We know that if X is a uniformly rotund space then for every closed subspace M of X, X/M is uniformly convex. Does the similar assertion true for a locally uniformly rotund space ? If not is there any known sufficient conditio for that?
The answer is negative. Take as $X$ the space $\ell_1$ in the LUR renorming $\|x\| = \sqrt{\|x\|_1^2 + \|x\|_2^2}$ where $ \|x\|_p$ denotes the canonical $\ell_p$ norm. This $X$ possesses quotient spaces that are not strictly convex.
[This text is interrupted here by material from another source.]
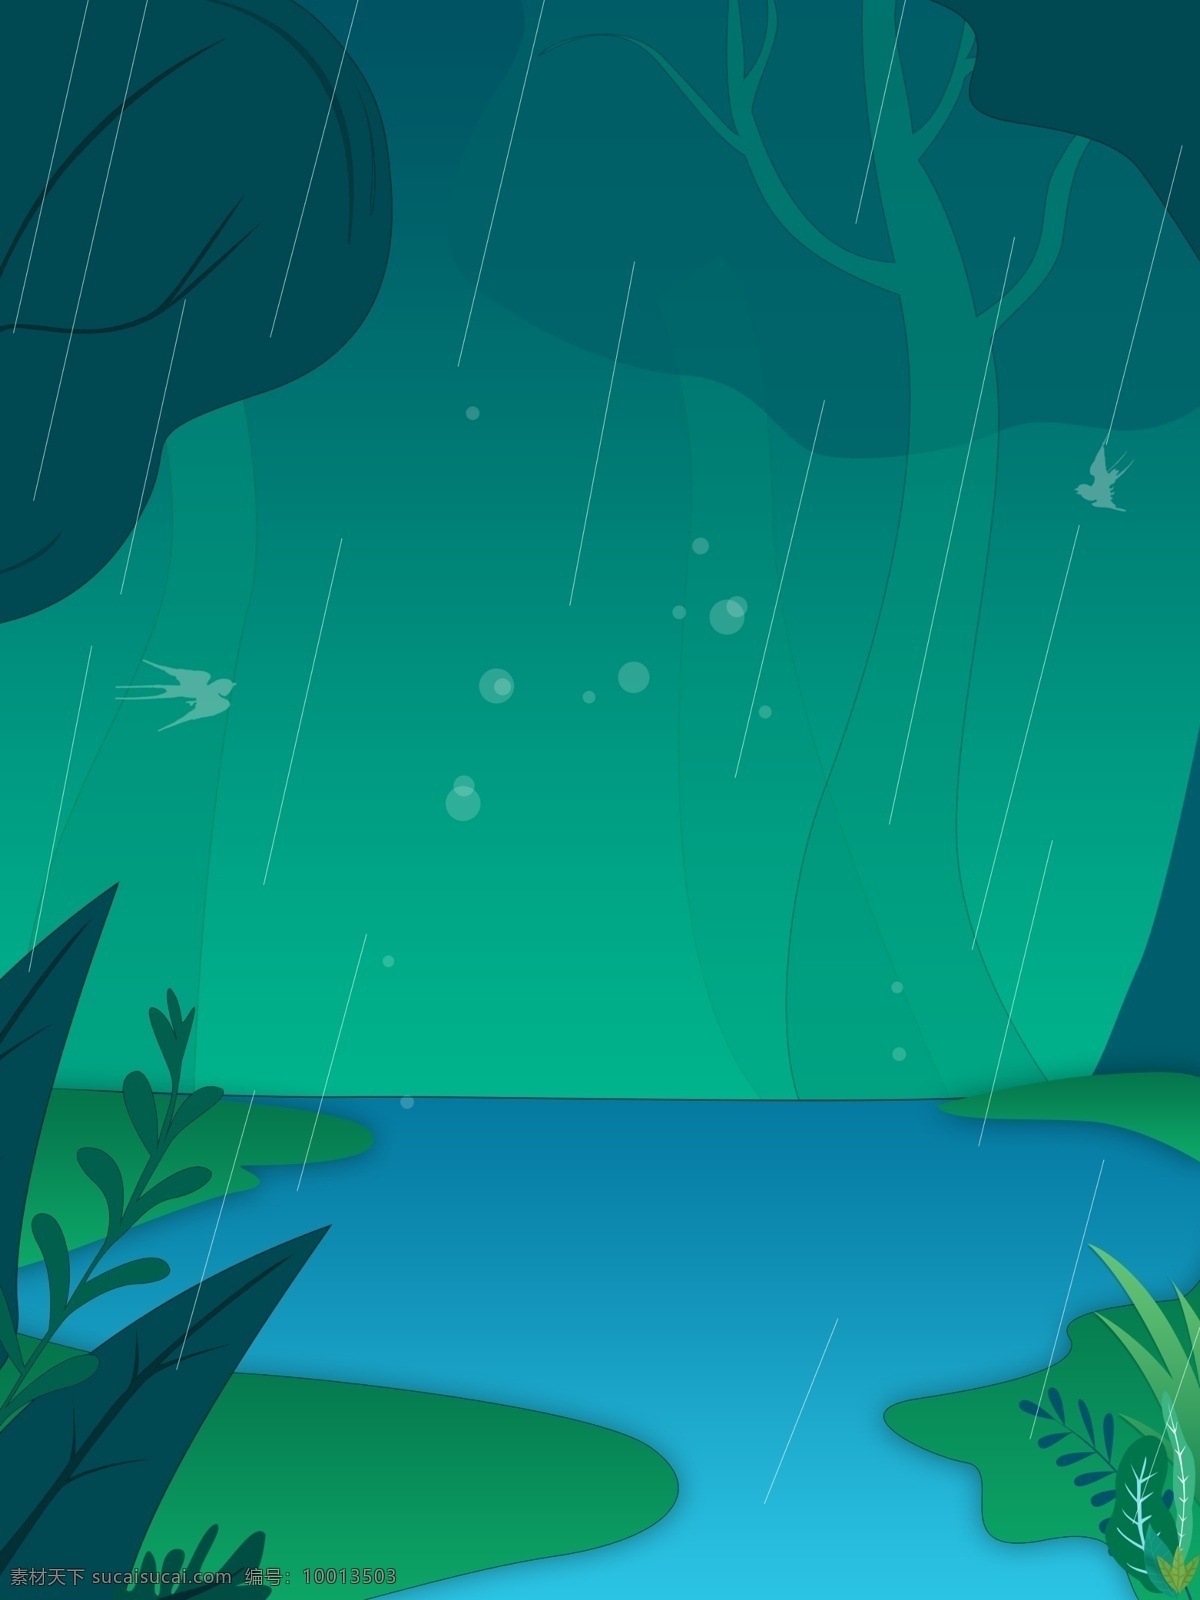 蓝色 清新 风 河边 风景 插画 背景 植物背景 唯美 草地背景 绿地背景 蓝天白云 叶子 山水风景 雨季 下雨
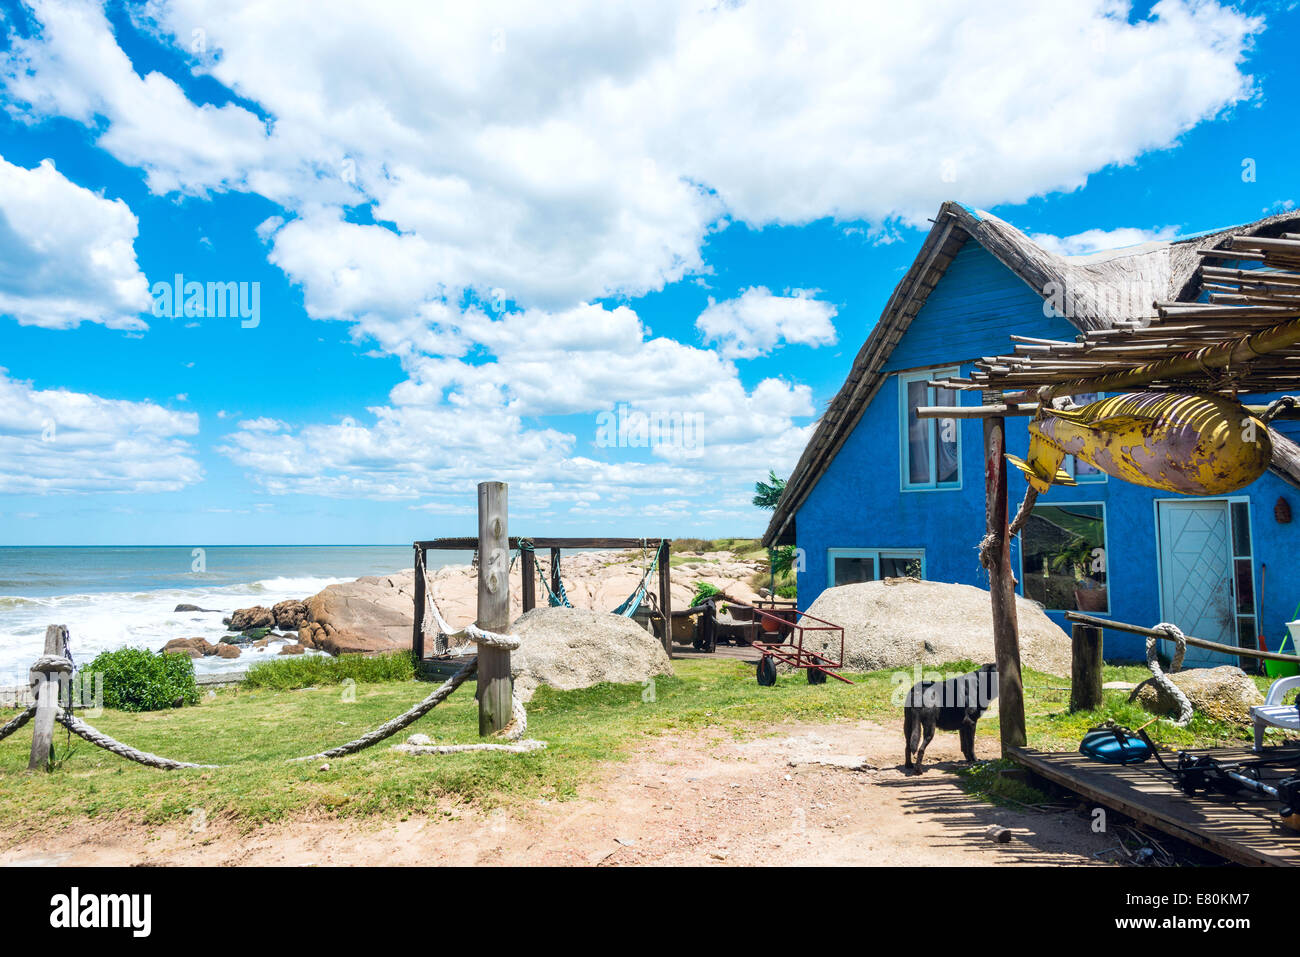 Maisons colorées typiques sur la pittoresque plage de Punta del Diablo, lieu touristique très populaire en Uruguay Banque D'Images

With some additional effort one can demonstrate that $X$ has a quotient isometric to $\ell_1$ in canonical norm, which implies that $X$ has as its quotients all separable Banach spaces.
Dear Tomasz Kania , the norm $\|x\|' = \|x\|_1 + \|x\|_2$ from your answer on MathOverflow is strictly convex, but is not LUR. To get a LUR norm one needs,
for example, $\|x\| = \sqrt{\|x\|_1^2 + \|x\|_2^2}$ like in my answer.
The reference why it is LUR:
Lemma 13.26 from the book "Banach Space Theory. The Basis for Linear and Nonlinear Analysis" by Fabian, Habala, Hájek, Montesinos and Zizler.